Now the trend is spreading. E-commerce platforms such as Booking.com routinely test personalised discounts, depending on your profile. Ride-share apps, grocery promos, digital subscription plans – the reach can be broad.
How AI-driven personalised pricing works
At its core, such systems mine data, a lot of it. Every click, the amount of time spent on a web page, prior purchases, abandoned carts, location, device type, browsing path – these all feed into a profile. Machine learning models predict your “willingness to pay”. Using these predictions, the system picks a price that maximises revenue while hoping not to lose the sale.
Some platforms go further. At Booking.com, teams used modelling to select which users should receive a special offer, while meeting budget constraints. This drove a 162% increase in sales, while limiting the cost of promotions for the platform.
So you might not be seeing a standard price; you might be seeing a price engineered for you.
The risk is consumer backlash
There are, of course, risks to the strategy of personalised pricing.
First, fairness. If two households in the same suburb pay different rent or mortgage rates, that seems arbitrary. Pricing that uses income proxies (such as device type or postcode) might entrench inequality. Algorithms may discriminate (even unintentionally) against certain demographics.
Second, alienation. Consumers often feel cheated when they find a lower price later. Once trust is lost, customers might turn away or seek to game the system (clear cookies, browse in incognito mode, switch devices).

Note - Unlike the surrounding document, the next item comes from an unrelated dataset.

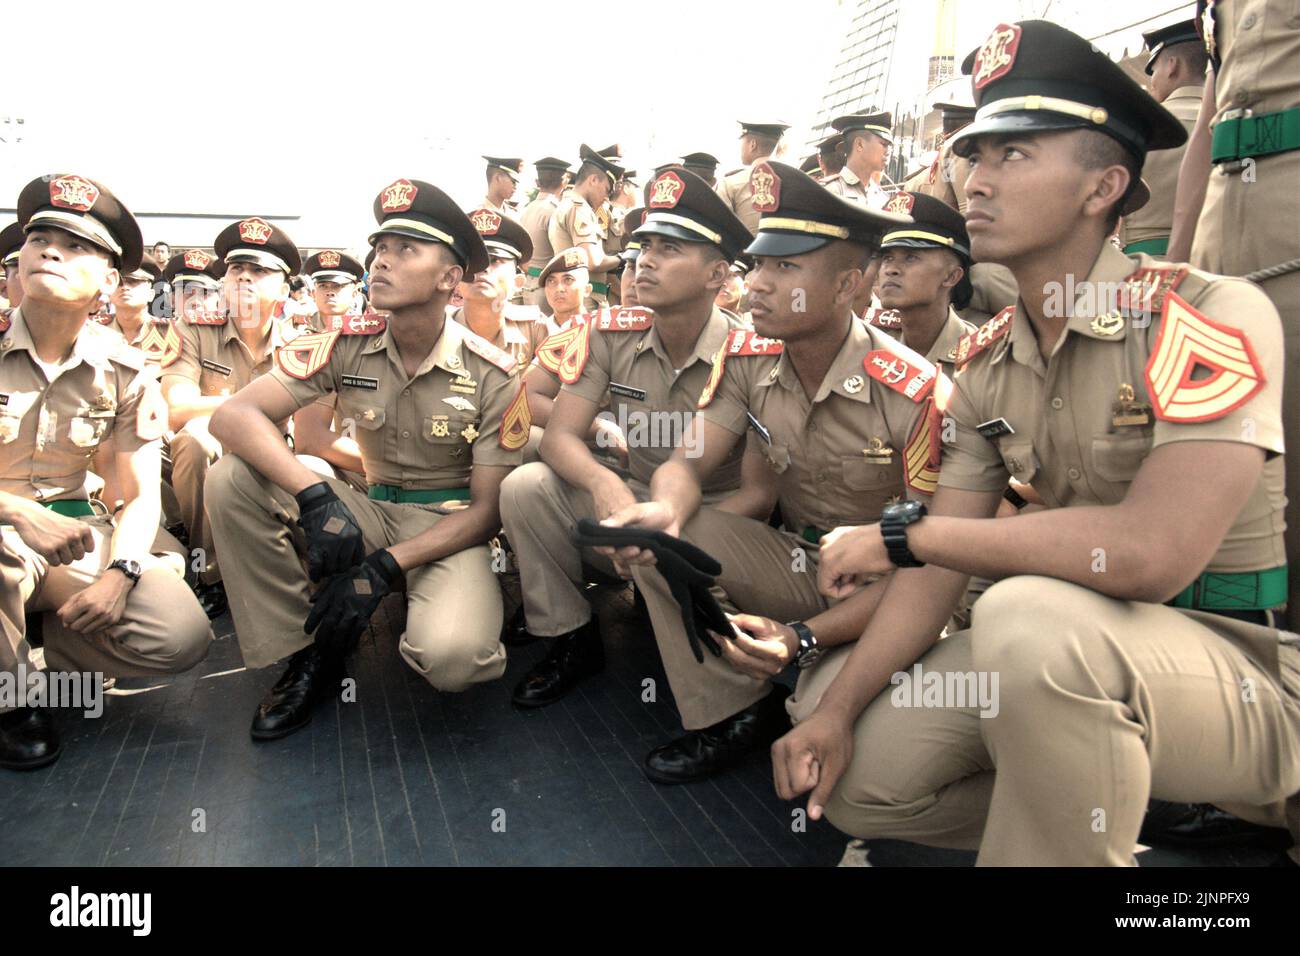 Des cadets et des officiers de la marine indonésienne assistent à un briefing, photographiés par KRI Dewaruci (Dewa Ruci), un grand navire indonésien, alors que la goélette de type barquentine est ouverte aux visiteurs du port de Kolinlamil (port de la marine) à Tanjung Priok, dans le nord de Jakarta, en Indonésie. Banque D'Images

Third, accountability. Currently, transparency is low; firms rarely disclose the use of personalised pricing. If AI sets a price that breaches consumer law by being misleading or discriminatory, who’s liable — the firm or the algorithm designer?
What the regulators say
In Australia, the Australian Competition and Consumer Commission (ACCC) is taking notice. A five-year inquirypublished in June 2025 flagged algorithmic transparency, unfair trading practices, and consumer harms as central issues.
Is this efficient, or creepy?
We’re entering a world where your price might differ from mine — even in real time. That can unlock efficiency, new forms of loyalty pricing, or targeted discounts. But it can also feel Orwellian, unfair or exploitative.
The challenge for business is to deploy AI pricing ethically and transparently, in ways customers can trust. The challenge for regulators is to catch up. The ACCC’s actions suggest Australia is moving in that direction but many legal, technical, and philosophical questions remain.